───── Supplied information ─────
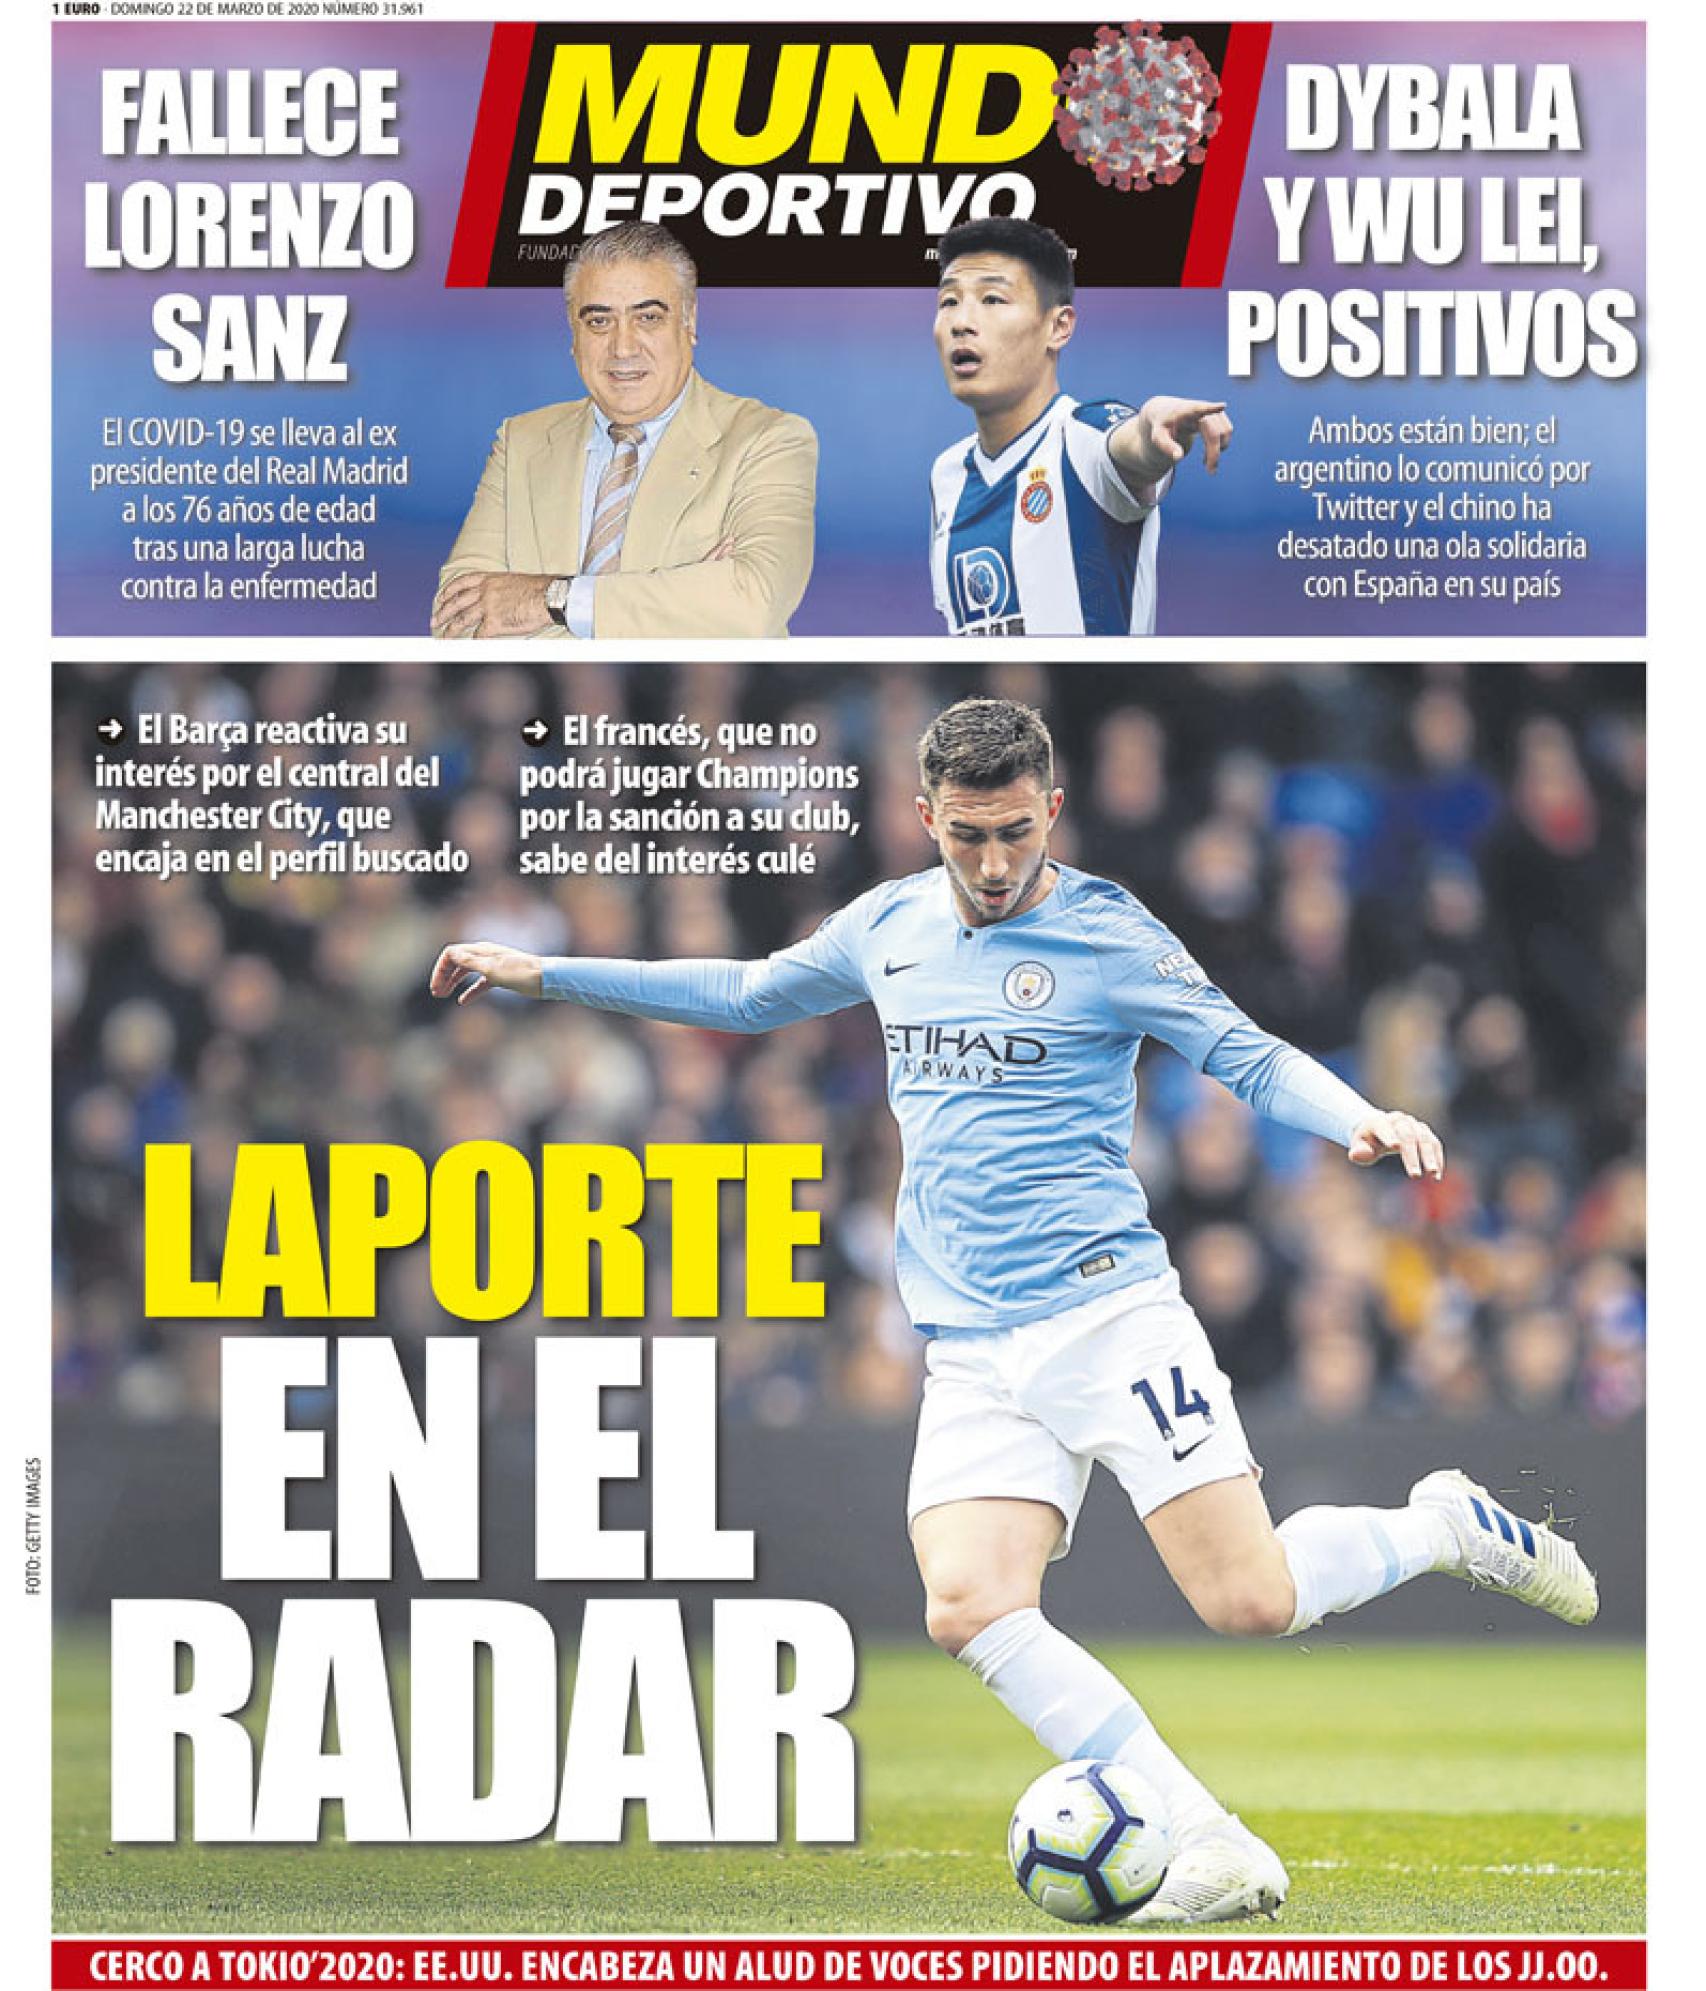 La portada del diario Mundo Deportivo (22/03/2020)
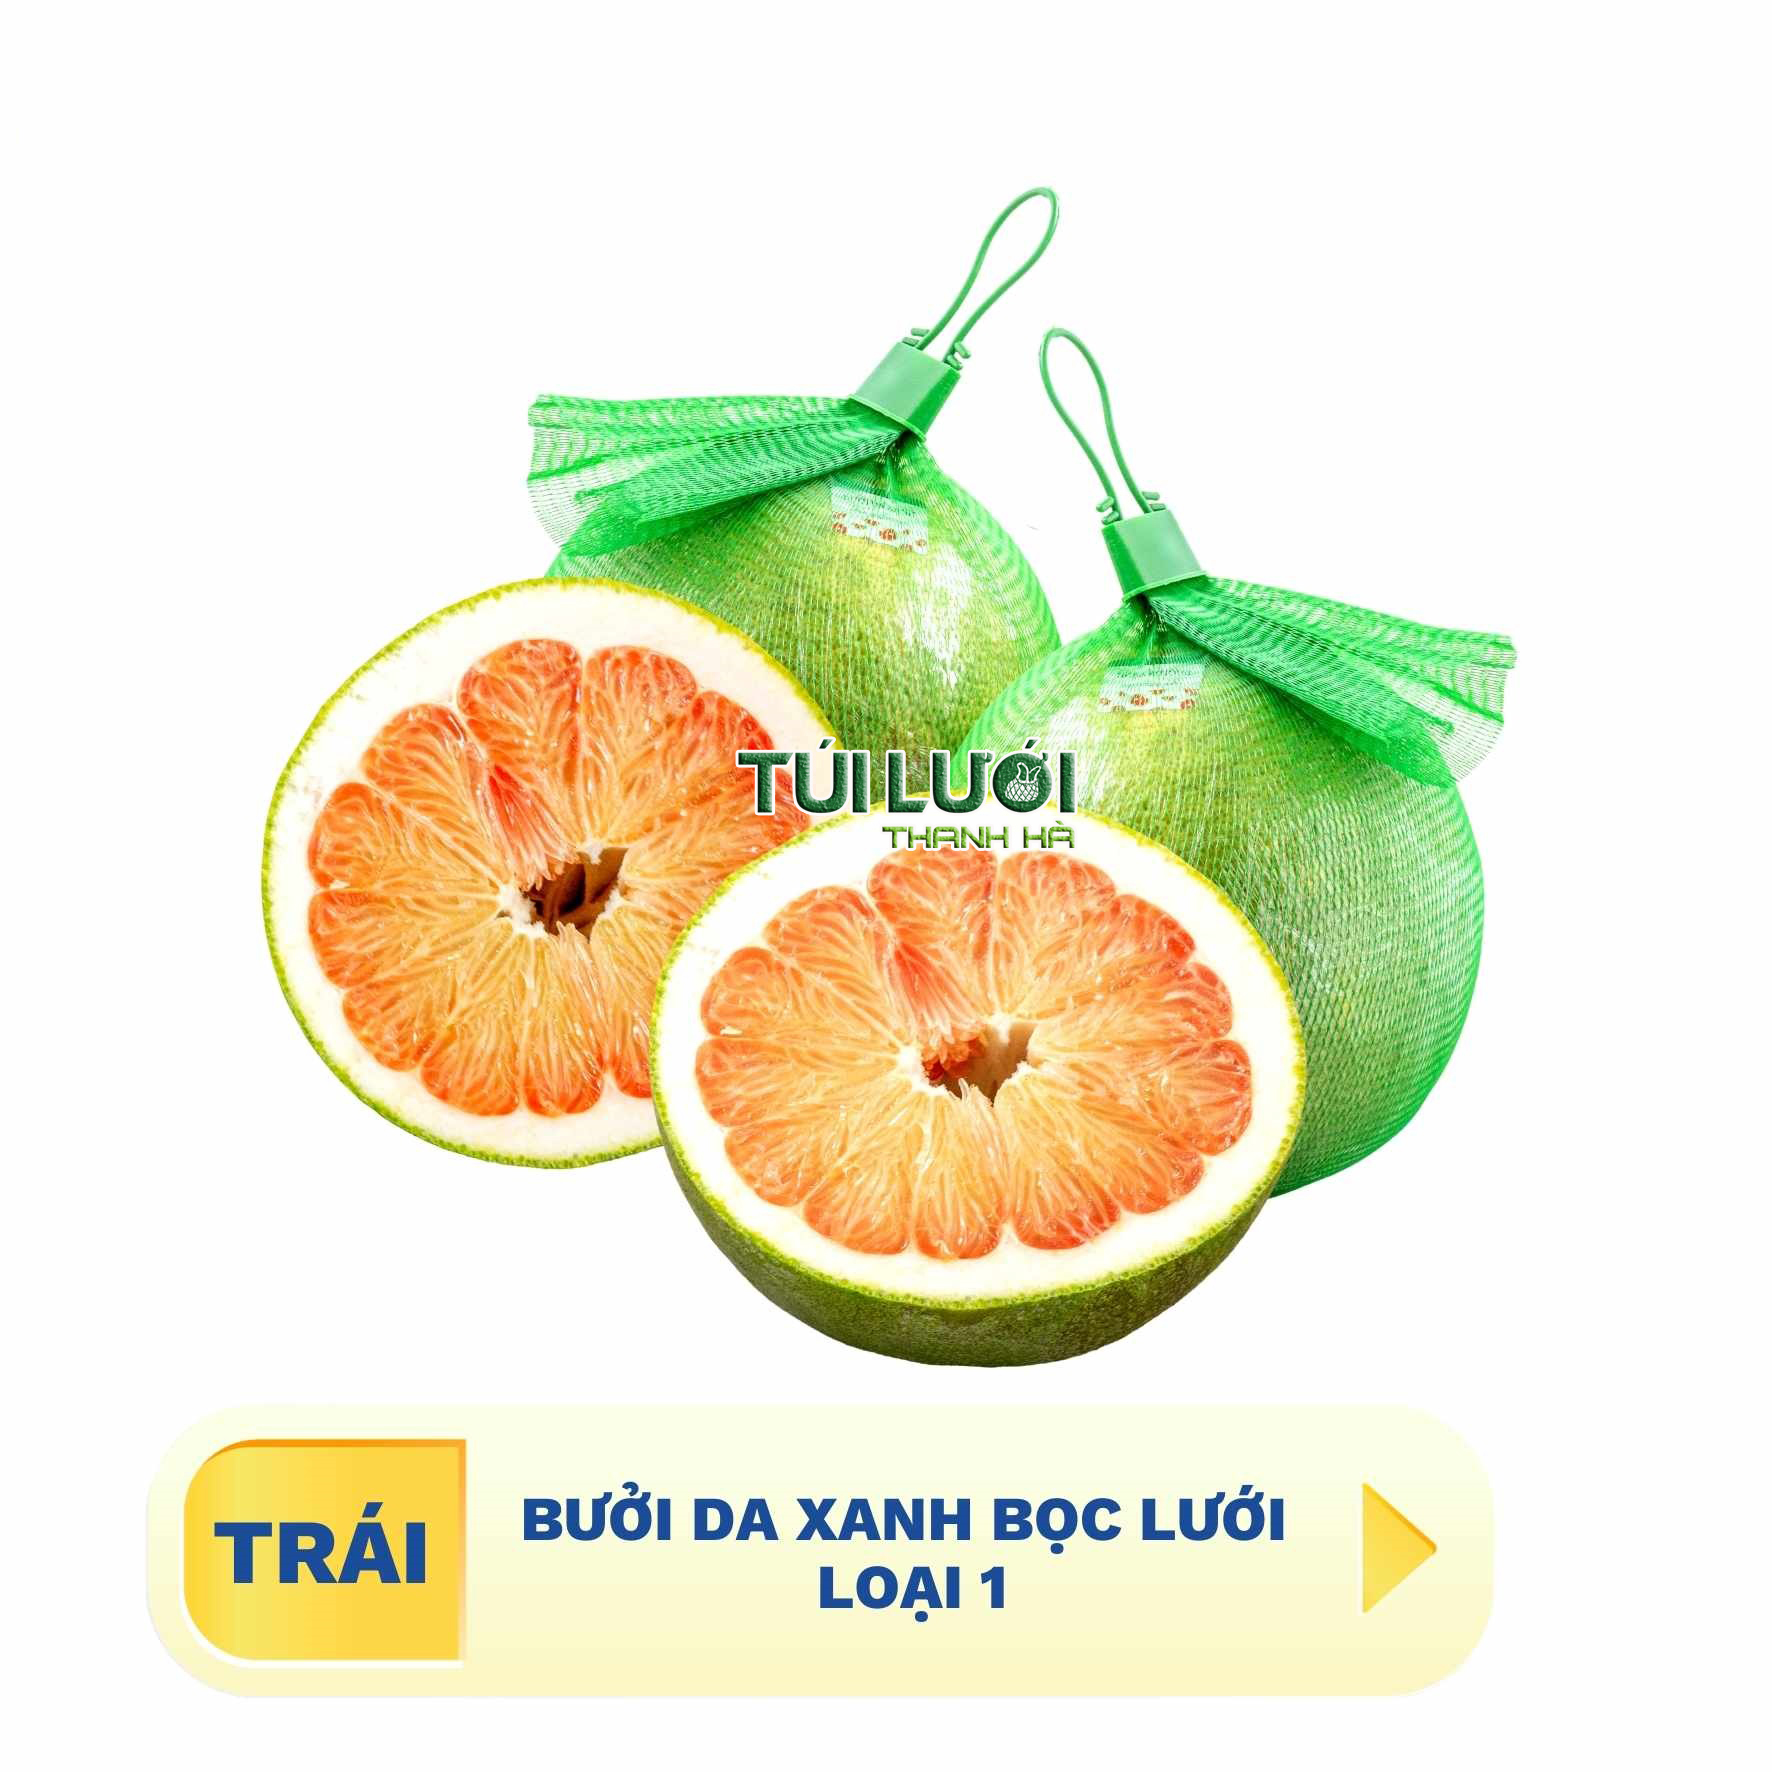 Bưởi da xanh đặc sản trái cây Việt Nam
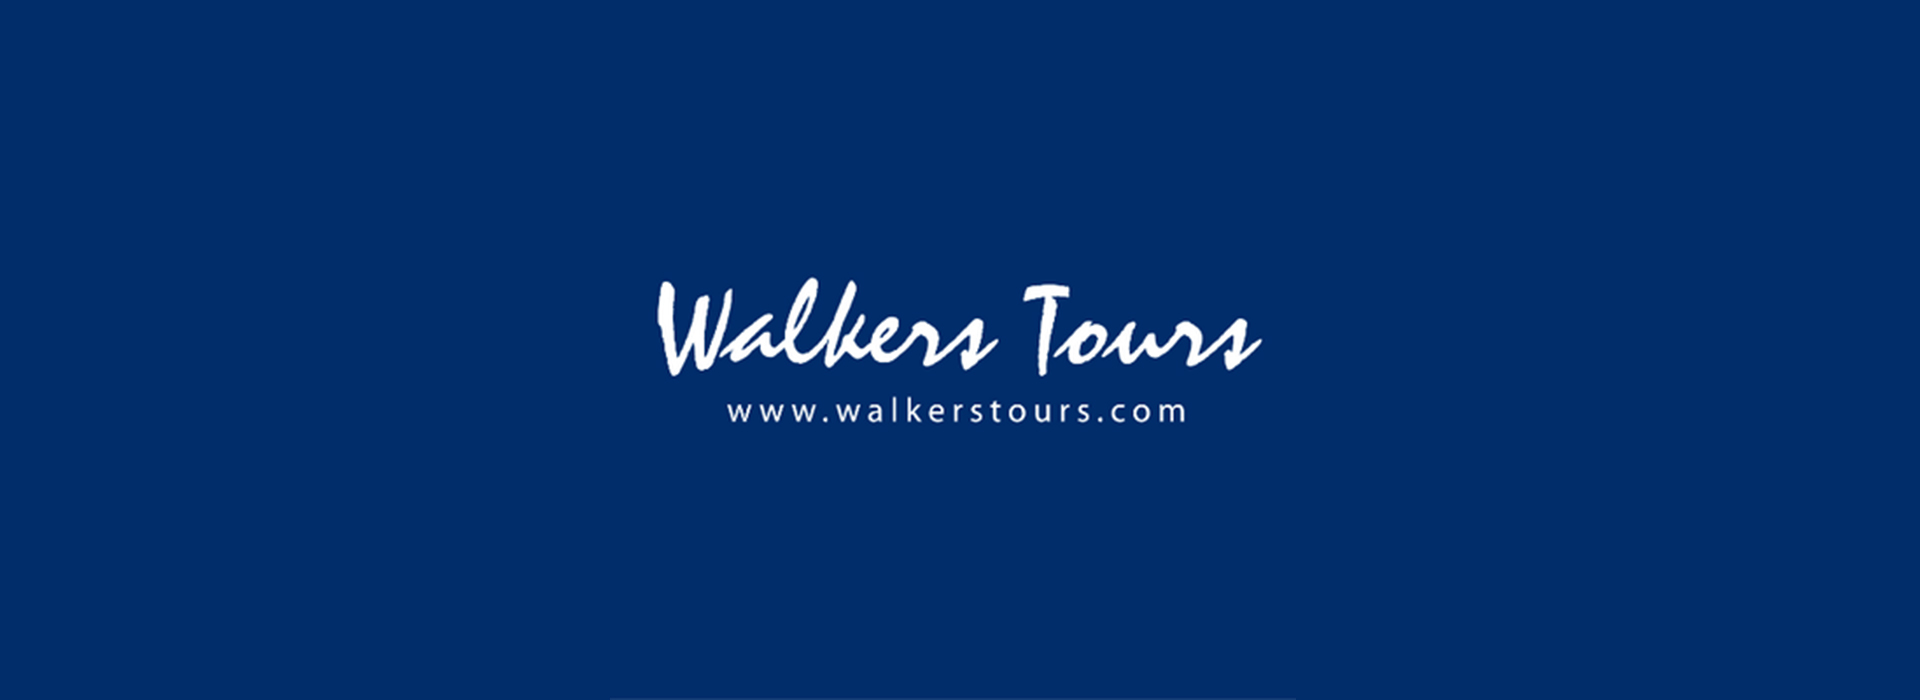 Tours & Trails
─────
Activity: Each line above should be written out again exactly, and no picture should appear in the copy.

Written solution:
 La portada del diario Mundo Deportivo (22/03/2020)
 Bưởi da xanh đặc sản trái cây Việt Nam
 Tours & Trails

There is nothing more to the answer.